Pada awalnya, Prohibition Act dapat menurunkan jumlah penangkapan karena mabuk dan menurunkan tingkat konsumsi minuman beralkohol hingga 30 persen.
Dalam pelaksanaannya, Prohibition Act tidak berjalan mulus. Undang-undang ini ketat diterapkan di daerah pedesaan, tetapi sangat longgar di perkotaan.
Alih-alih memberantas minuman keras, undang-undang ini justru melahirkan gerakan bawah tanah dan perlawanan.
Orang-orang yang tetap ingin mengonsumsi minuman keras, menempuh berbagai cara hingga memunculkan kejahatan terorganisir.
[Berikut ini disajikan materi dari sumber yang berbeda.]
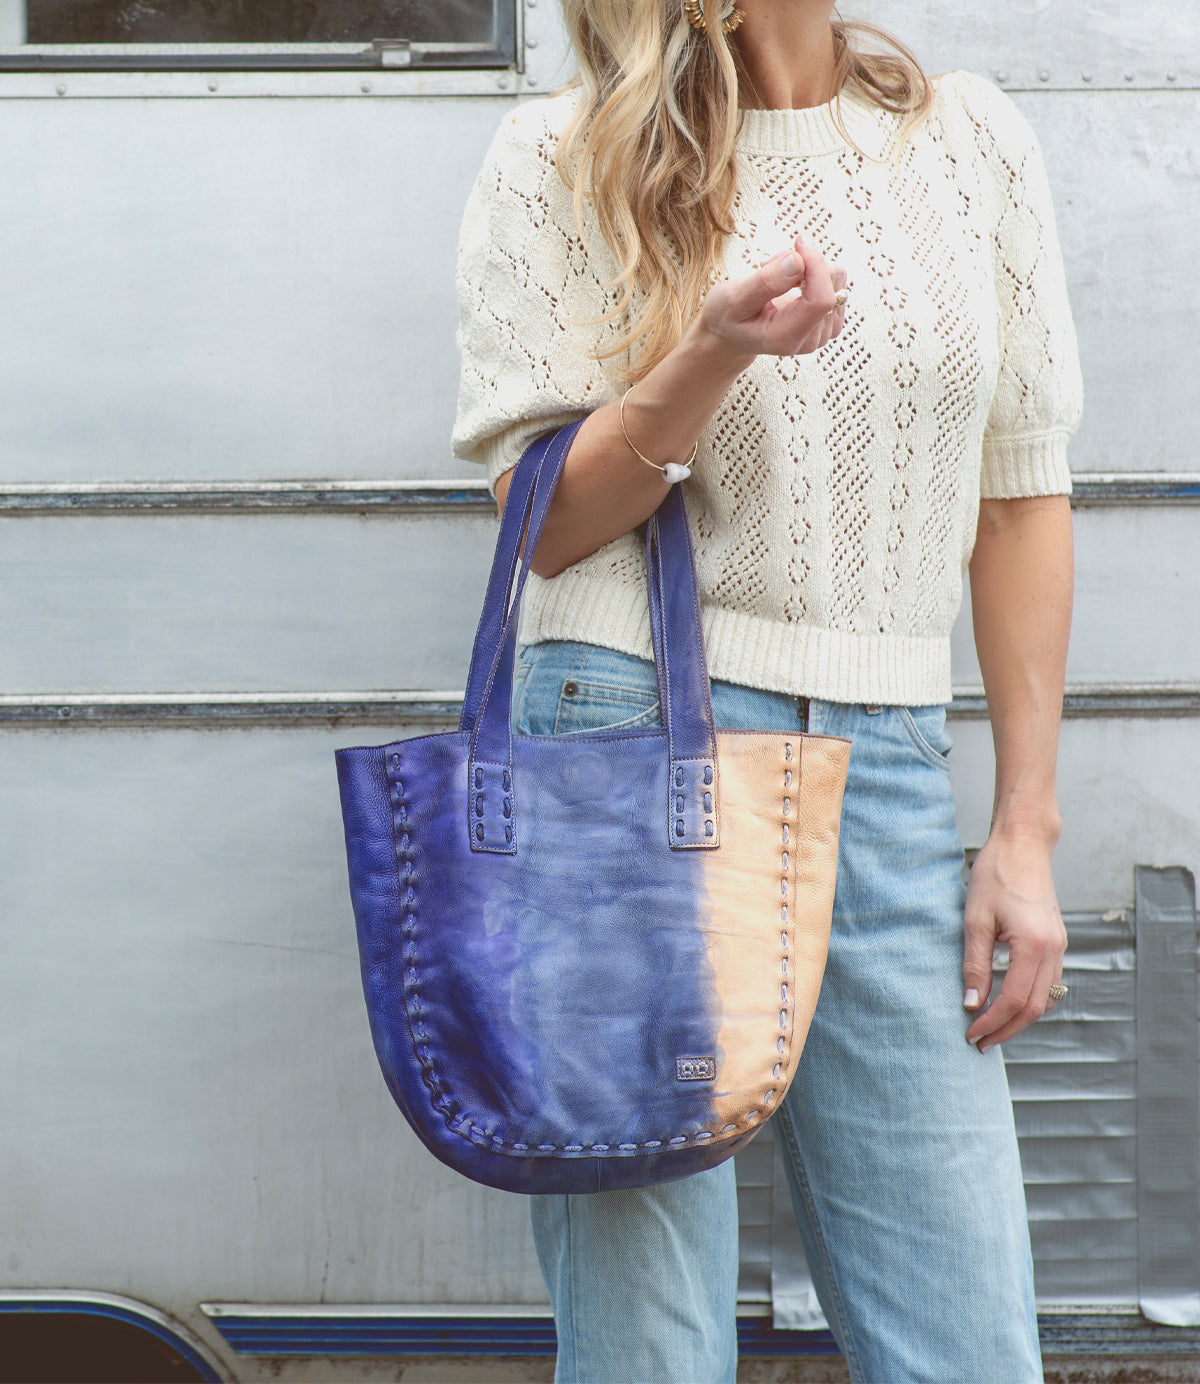 A woman holding a Bed Stu Stevie tote bag in blue and tan.

Dengan permintaan akan alkohol yang tetap tinggi, jaringan produksi dan distribusi ilegal berkembang pesat. Produksi minuman keras di rumah-rumah juga menjamur.
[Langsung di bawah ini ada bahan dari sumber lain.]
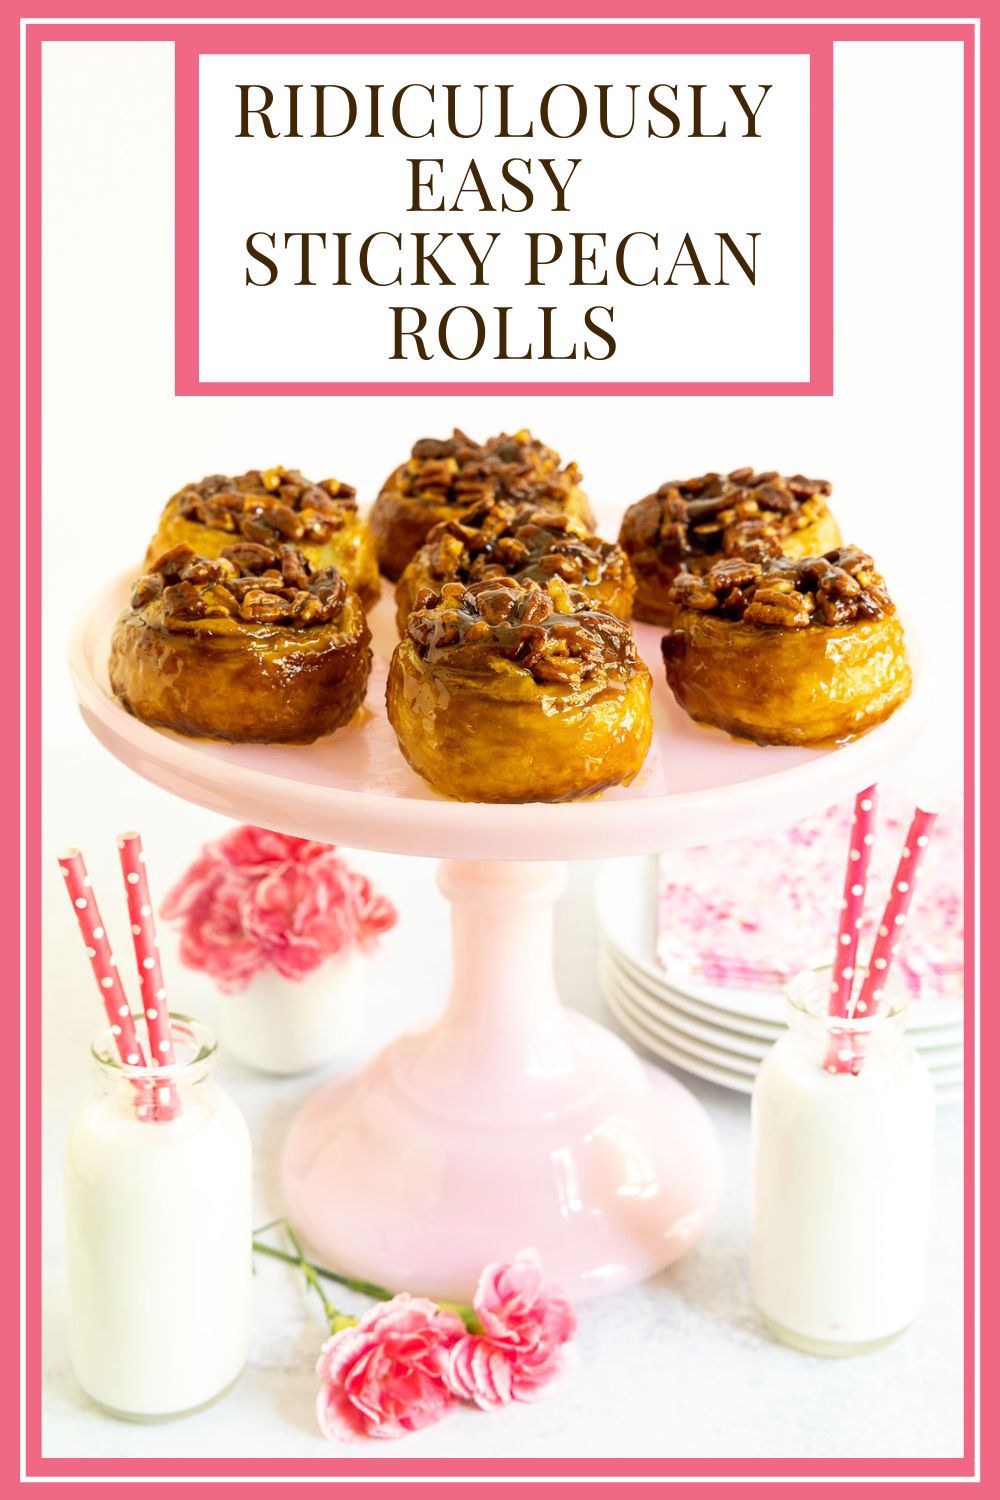 Ridiculously Easy Sticky Pecan Rolls

Minuman keras yang diselundupkan dijual di speakeasy, yakni kelab malam yang menjual minuman beralkohol ilegal, yang menjamur di daerah perkotaan dan menjadi pusat aktivitas sosial serta perlawanan terhadap pemerintah.
Baca juga: Townshend Act: Latar Belakang, Tujuan, Dampak, dan Pencabutan
Prohibition Act juga mendorong maraknya aktivitas kriminal terkait penyelundupan minuman keras dan memicu peningkatan kekerasan yang melibatkan gangster.
Suap, pemerasan, dan kolusi antara pejabat dan elemen kriminal pun merajalela karena pihak berwenang kesulitan menegakkan hukum.
Dari segi ekonomi, pemerintah sebenarnya merugi karena kehilangan pendapatan dari pajak penjualan minuman beralkohol.
Pabrik bir dan minuman keras yang terpaksa ditutup, menyebabkan banyak orang kehilangan pekerjaan dan bermuara pada ketidakstabilan ekonomi.
Meningkatnya penyelundupan minuman keras, menjamurnya speakeasi, dan meningkatnya kekerasan geng serta kejahatan terorganisir, menyebabkan sentimen publik terhadap Prohibition Act, berubah pada akhir 1920-an.
Kondisi itu, ditambah dampak ekonomi dan sosial yang semakin nyata bagi masyarakat maupun pemerintah, masih diperparah dengan era Depresi Hebat (The Great Depression) yang melanda AS.
Baca juga: The Great Depression, Krisis Ekonomi Terparah dalam Sejarah
Alhasil, muncul tuntutan untuk mencabut Prohibition Act dan kembali melegalkan industri minuman keras.
Pada awal 1933, Kongres mengadopsi resolusi yang mengusulkan Amandemen ke-21, yang akan mencabut amandemen ke-18.
Amandemen ke-21 diratifikasi pada 5 Desember 1933, yang secara praktis menghapuskan Prohibition Act.